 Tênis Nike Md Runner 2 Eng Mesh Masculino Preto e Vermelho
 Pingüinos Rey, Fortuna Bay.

__________

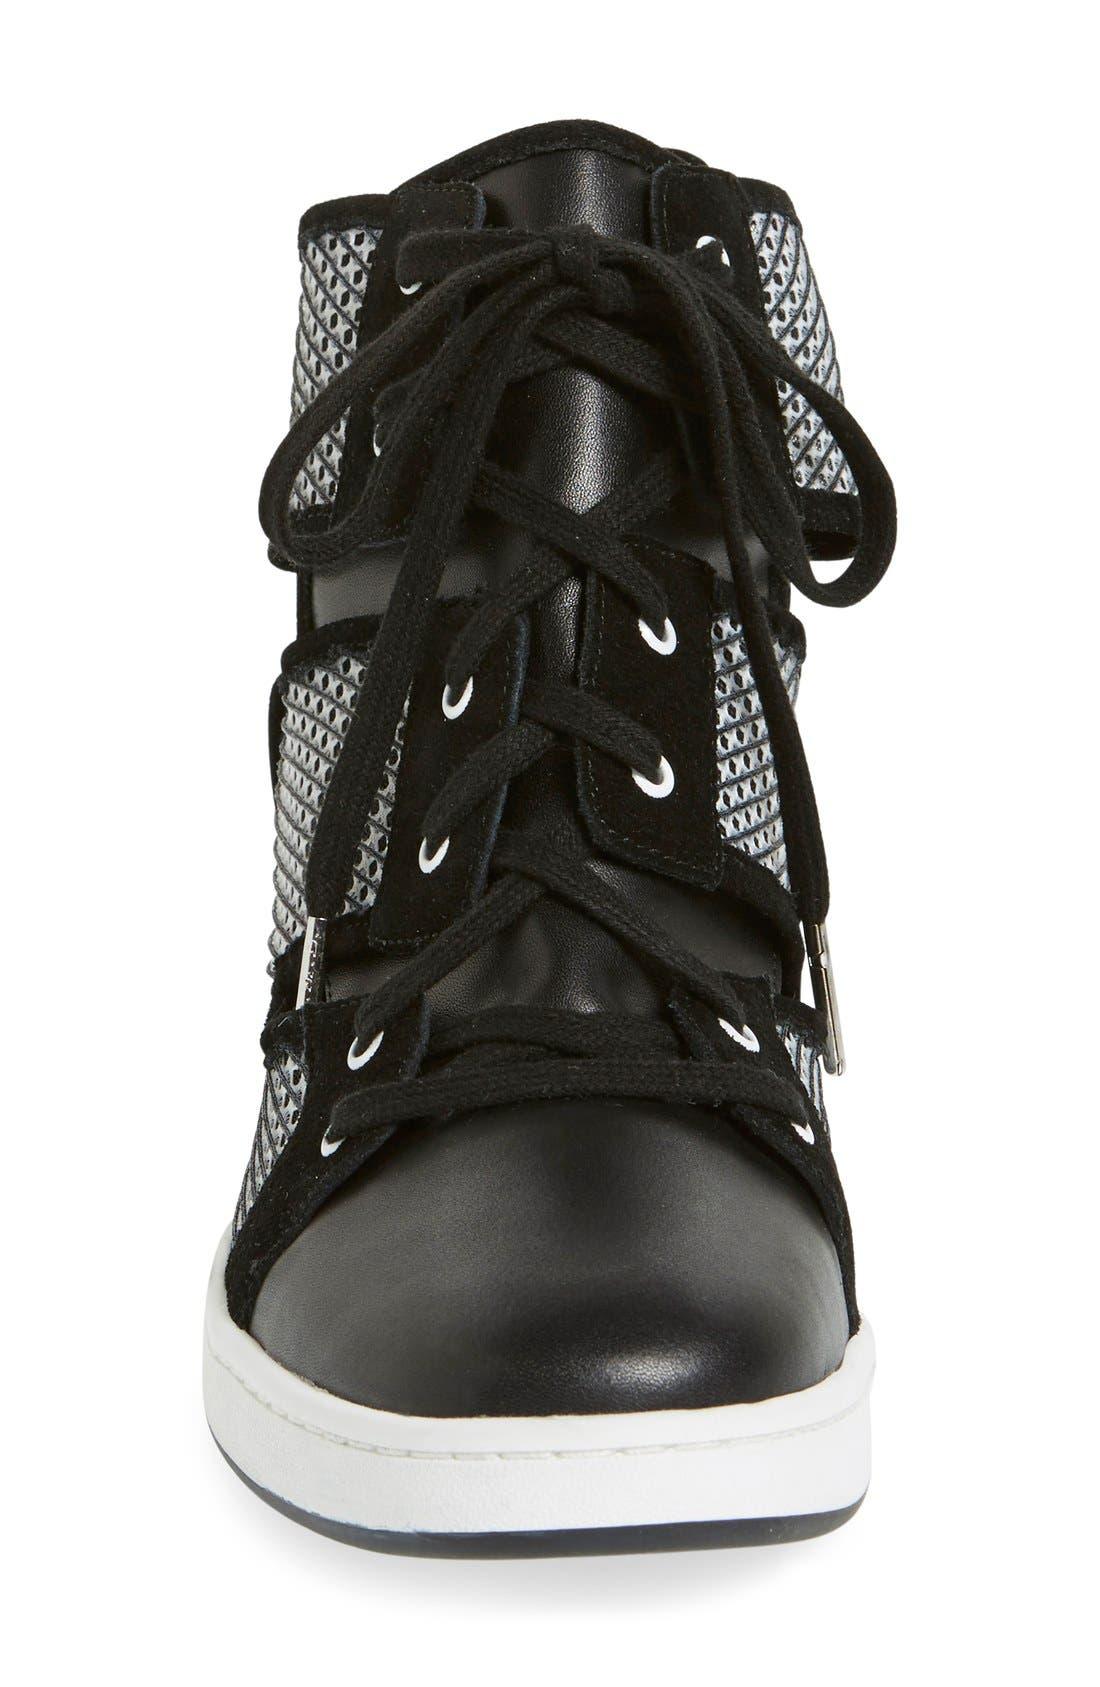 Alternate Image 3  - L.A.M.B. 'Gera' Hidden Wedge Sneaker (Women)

__________

*YOUR GOAL*
The lines to extract from the data above begin with the line containing "Tênis Nike Md" and end with the line containing "Pingüinos Rey, Fortuna Bay.". Extract them exactly, including both.

*EXERCISE RESPONSE*
 Tênis Nike Md Runner 2 Eng Mesh Masculino Preto e Vermelho
 Pingüinos Rey, Fortuna Bay.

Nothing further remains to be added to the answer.